Provided material |
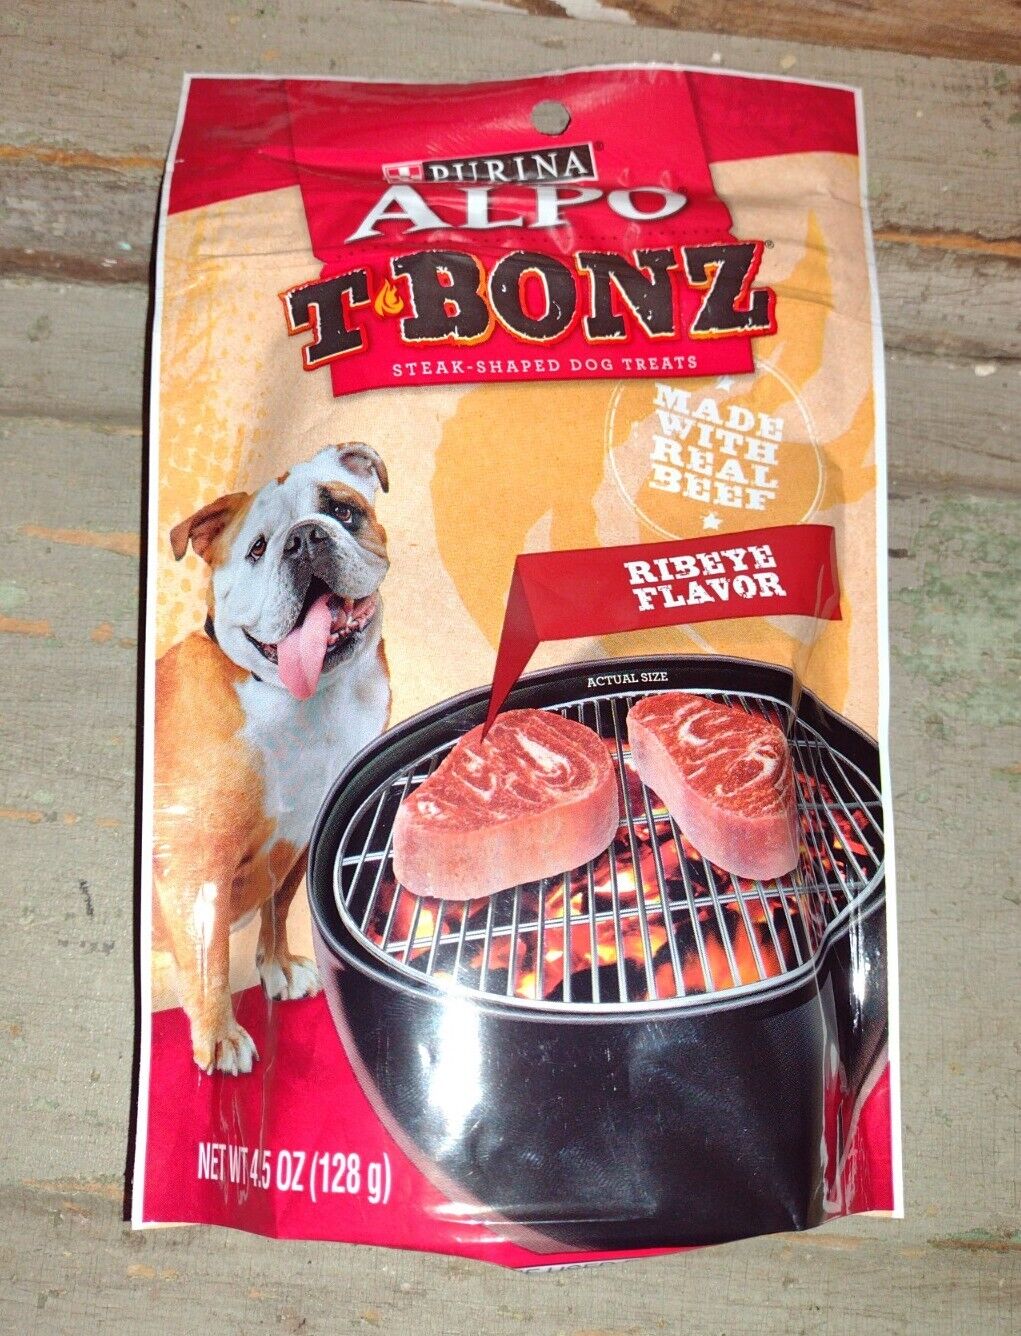 Purina Alpo T-Bonz Dog Treats Ribeye Flavor 4.5oz Per Bag. One Bag
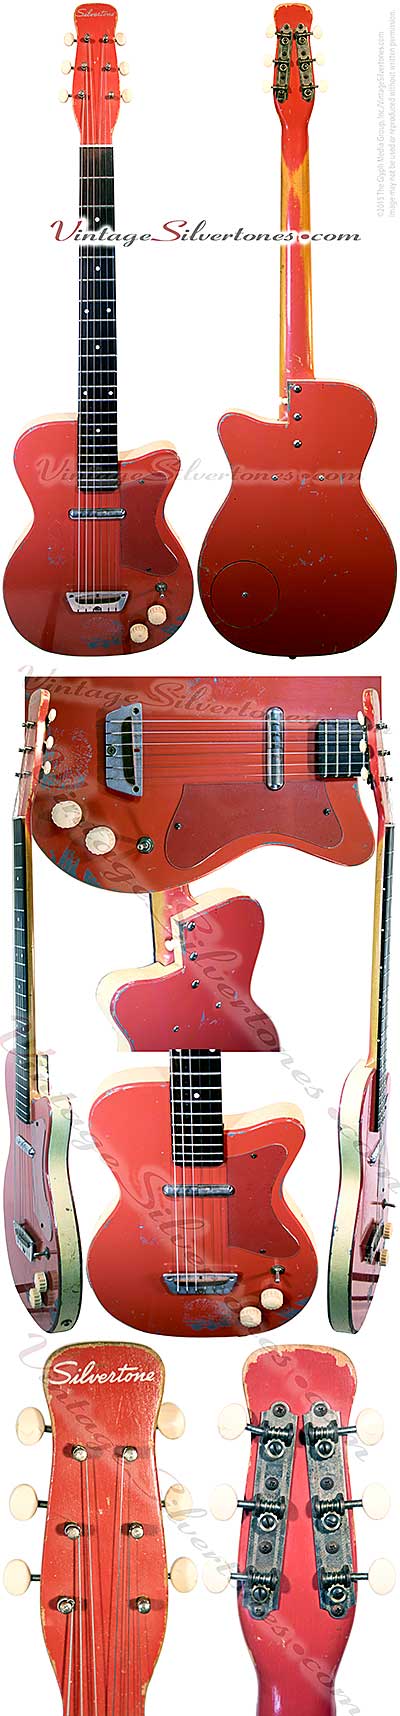 Silvertone 1358 made by Danelectro U1, one pickup, electric guitar, semi-hollow body, coral finish white vinyl binding, masonite body, lipstick pickup, made in 1955
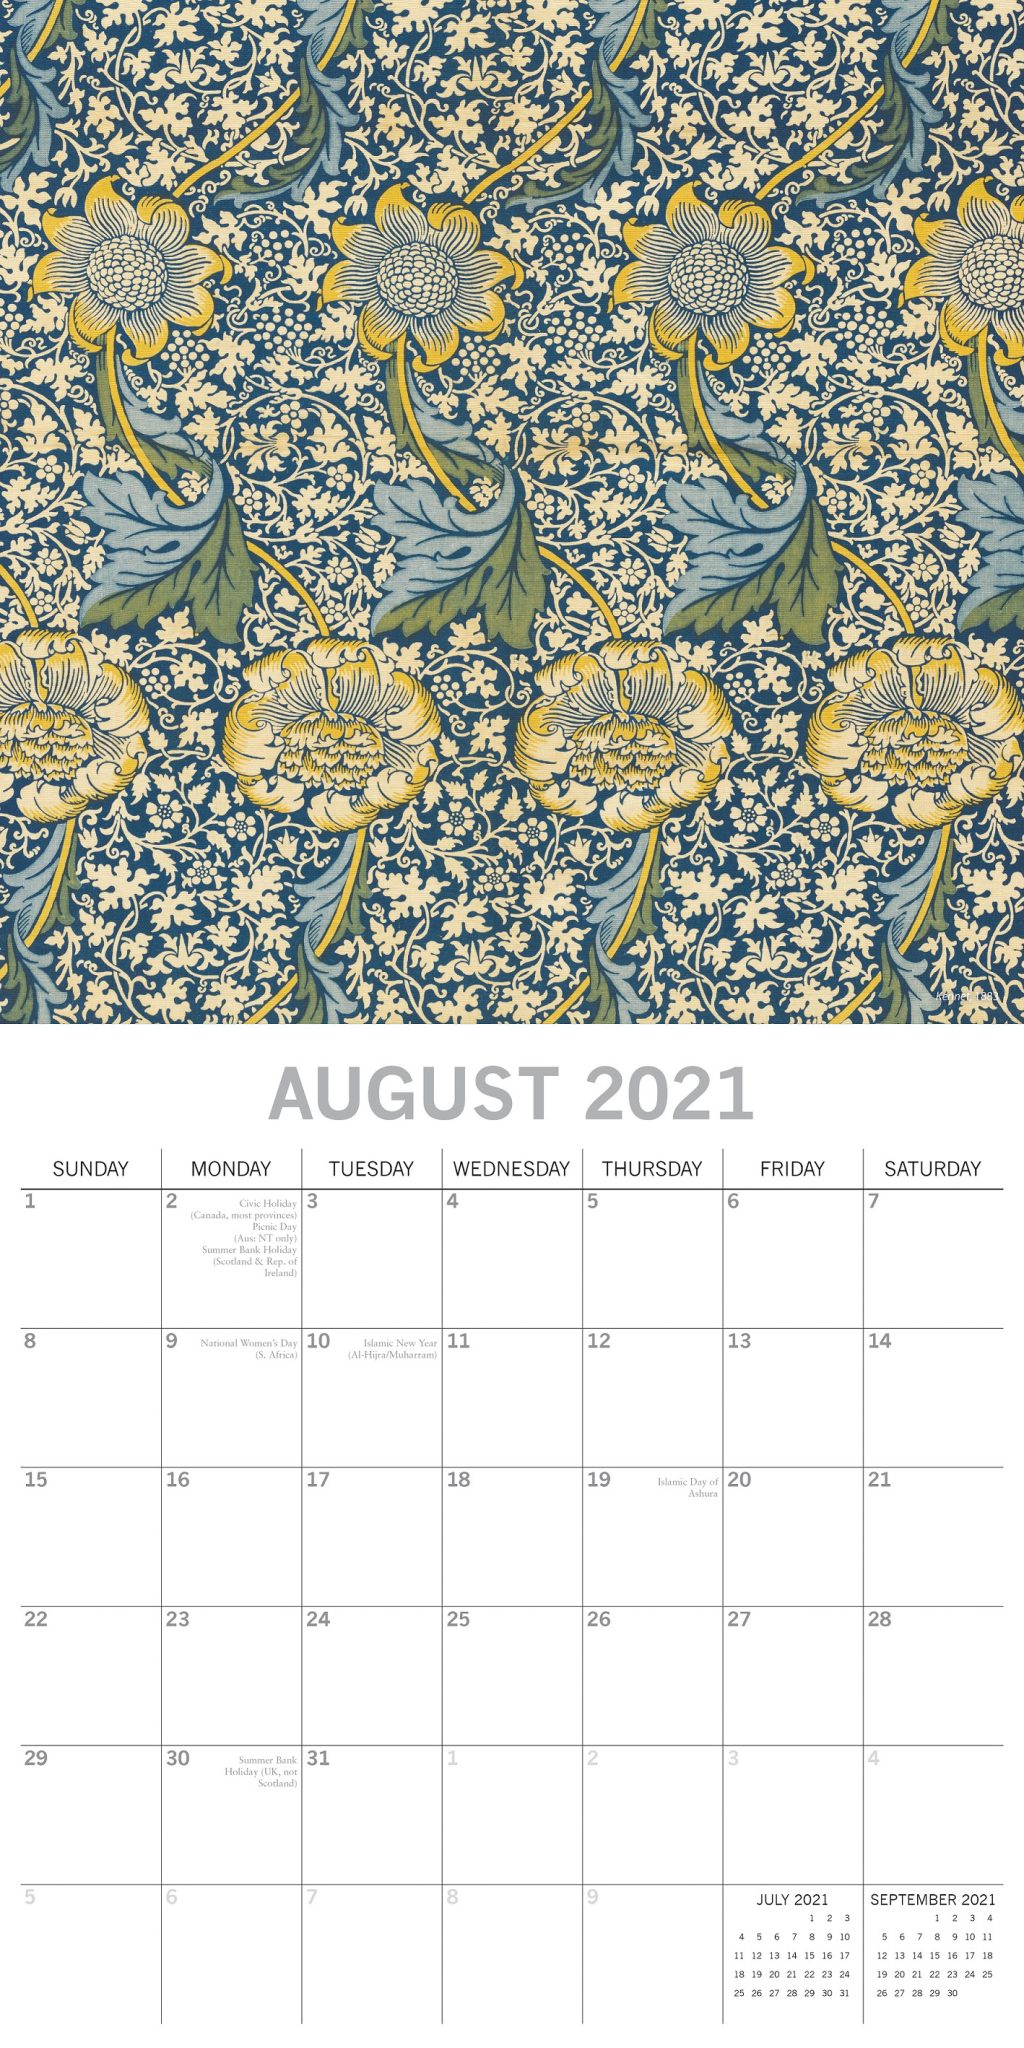 2021 William Morris Calendar | Save the Children Shop

Requirement |
Please print the material exactly as given above, omitting the pictures.

Solution to this exercise |
 Purina Alpo T-Bonz Dog Treats Ribeye Flavor 4.5oz Per Bag. One Bag
 Silvertone 1358 made by Danelectro U1, one pickup, electric guitar, semi-hollow body, coral finish white vinyl binding, masonite body, lipstick pickup, made in 1955
 2021 William Morris Calendar | Save the Children Shop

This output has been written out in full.